Okay, so now you know what par means…but why does it matter for YOU out on the Course?

  • Smarter Course StrategyKnowing the par helps you make the right call! On a par 5, maybe you’ll decide to be less risky with that second shot and avoid trouble. On a par 3, you might go for the green right from the tee box!
  • Tracking Your ProgressPar gives you a target. If you usually shoot double bogey on par four holes, you know your long game needs work. Are you getting too many bogeys on par 3s? Time to practice your short game!
  • More Fun!Understanding how a golf course is designed and why holes have certain pars adds a whole new layer to the game. Instead of feeling frustrated after a bad hole, you start thinking like a course architect.
Golf ball near putt

Par = Your Golfing Yardstick

Think of par as a way to measure your performance on each hole and the Course as a whole. It helps you:

  • Get better at picking the right clubs.
  • Identify what parts of your game need practice.
  • Appreciate the challenges and fun of golf course design.
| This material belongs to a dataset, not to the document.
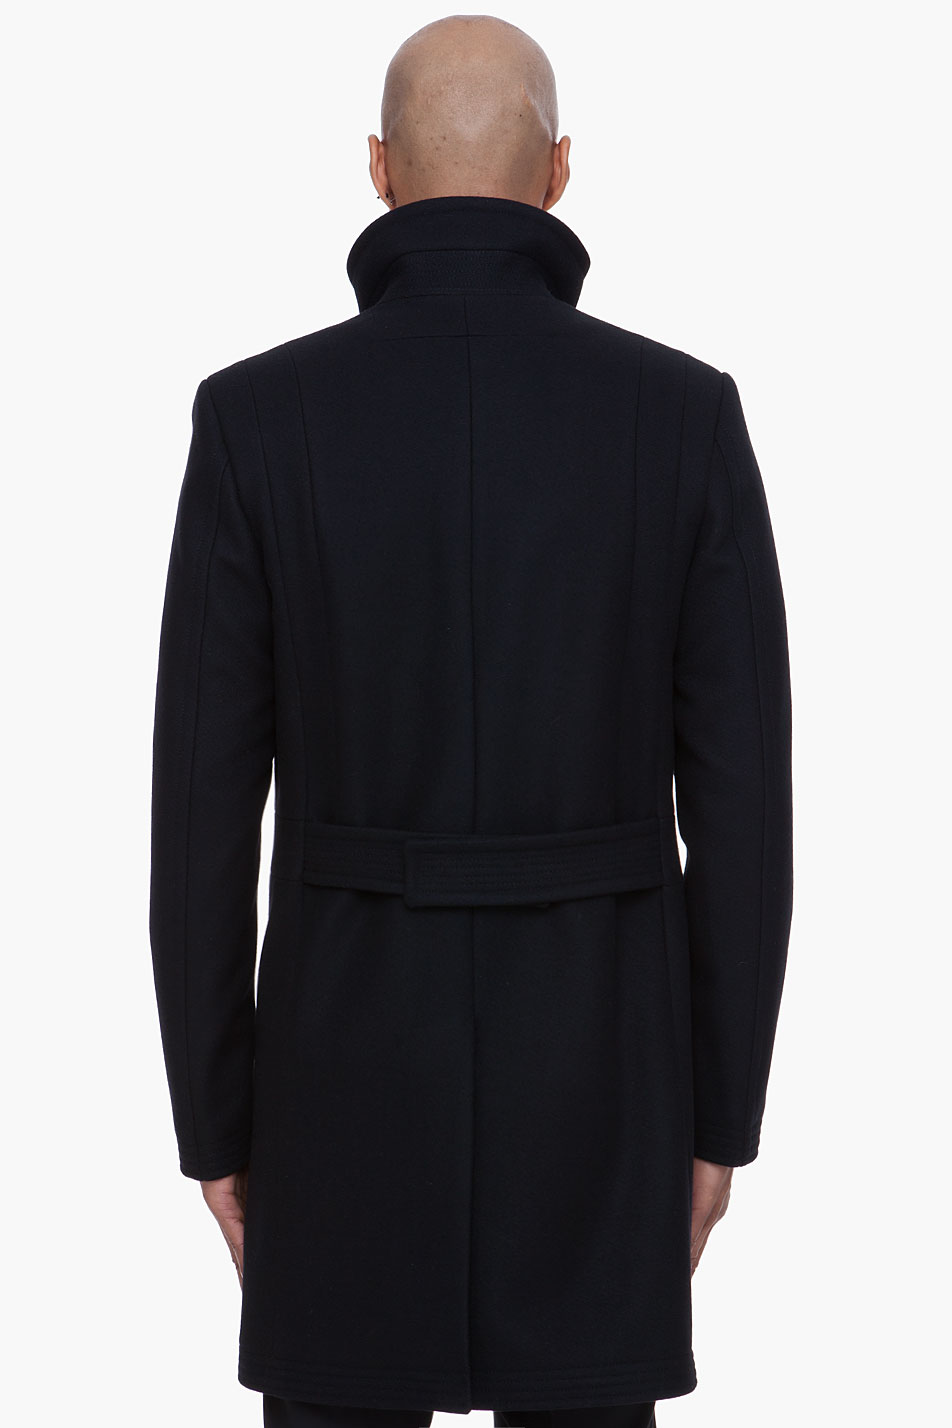 Lyst - Givenchy Wool Cashmere Officer Coat in Black for Men

Remember, even the best golfers sometimes have awful holes. Understanding par is the first step to improving your golf scores and having more fun on the Course!


So, par isn’t as mysterious as you might have thought, right?

It’s all about that ideal number of shots on each hole.

Whether you’re playing a long par five or a tricky par 3, knowing the par helps you make smarter decisions.

Now that you understand par, take a closer look at the scorecard before your next round.

Analyze the pars of each hole and think about how that should affect your strategy.

Did you find this information helpful?

If so, maybe you’d like to learn more about how course design and ratings are calculated – it’s even more in-depth than what we’ve covered here!

Either way, happy golfing!

Frequently Asked Questions

What happens if I get the ball in the hole in fewer strokes than par?

That’s awesome! You scored below par. If it’s one stroke under, it’s a birdie; two strokes under is an eagle, and so on!

What if I take more strokes than par?

That’s okay; it happens! If you take one extra stroke, it’s a bogey; two extra is a double bogey, and it keeps going from there.

Do all golf courses have the same par?

Nope! Most courses have a par around 72, but it can vary depending on the difficulty and length of the Course.

Is getting “par” on a hole considered good?

Yes! Par means you played the hole as it was designed to be played. Many golfers are happy to get a bogey (one over par) on harder holes.

Can a hole have a par higher than 5?

Yes, but it’s incredibly rare! There are a few super-long par six holes out there, which are a real challenge even for professional golfers.